The `PERCENTCHANGE` column should represent the percent change between from the 2010 census to the 2019 estimate. Use array operations to calculate these columns and table methods to create the table that contains them.

In [None]:
# Create a table with the reduced set of rows and columns
initial = simple.where('SEX', 0).where('AGE', are.below(999)).drop('SEX')
initial

In [None]:
# Create an ARRAY that contains the values for the `POPCHANGE` column
population_change = ...
population_change

In [None]:
# Create an ARRAY that contains the values for the `PERCENTCHANGE` column
percent_change = ...
percent_change

In [None]:
# Create the final table named `changes` has has columns `AGE`, `2010`, `2019`, `POPCHANGE`, and `PERCENTCHANGE`
changes = ...
changes

## Explore Census Data

The US Census Bureau held a competition around the 2020 Census called "Let's Make it Count" [link](https://www.letsmakeitcount.org/). It's described as follows:

> ### ASK QUESTIONS. EXPLORE DATA. SHARE INSIGHTS.
> Learn more about Census data at https://census.gov/academy and submit a story here about how Census information and context matters to you and/or your community. 

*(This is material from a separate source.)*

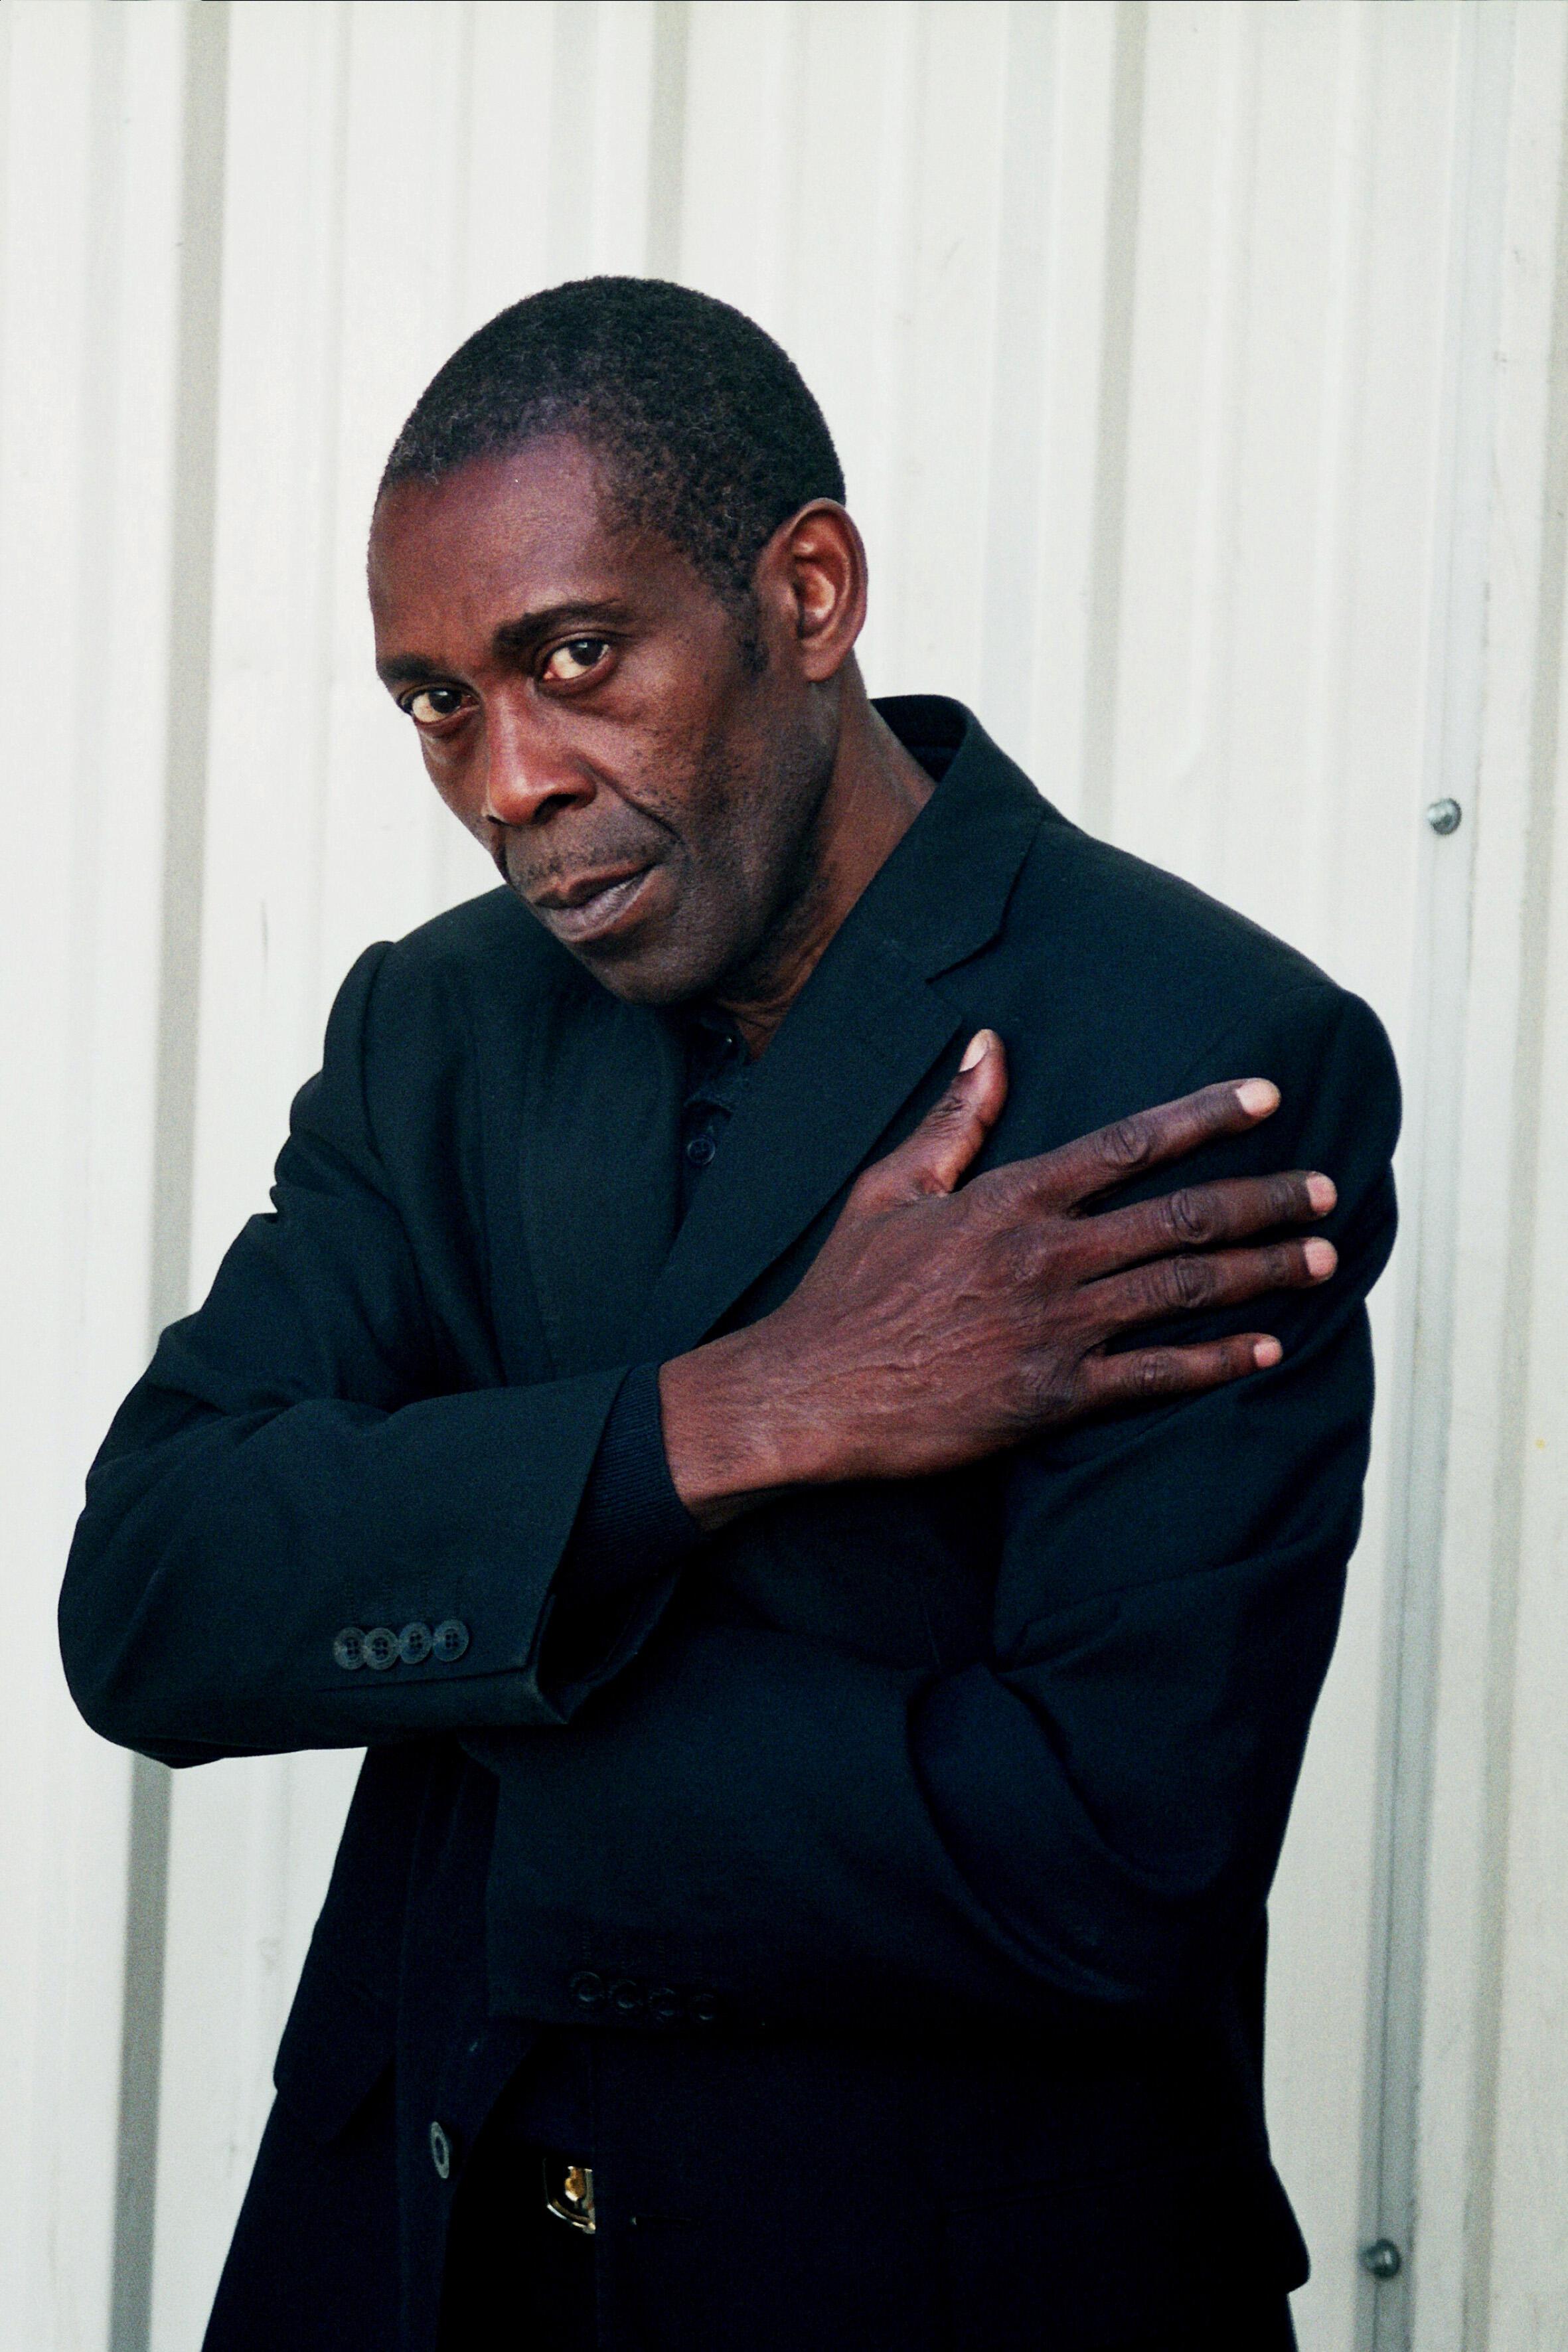 L'auteur congolais Koli Jean Bofane, lauréat du Grand prix du roman métis 2014 pour « Congo Inc. », publié aux éditions Actes Sud.

> Submissions can include, but are not limited to: posters, infographics, essays, captioned photos, interactive or static data visualization(s), apps, and websites.

> Entries will be reviewed by the competition hosts and community leaders for creativity, clarity of message, and the use of Census data for effective storytelling. Submissions should address how the participant has been, is, or will be Asking Questions, Exploring Data, and Sharing Insights.

While we haven't learned a lot about data visualization yet in this course, you should be able to dig into this census data and look for patterns and trends. Create some code cells below and investigate the data. If you find anything of interest, share it to the course discussion board under Activity 06.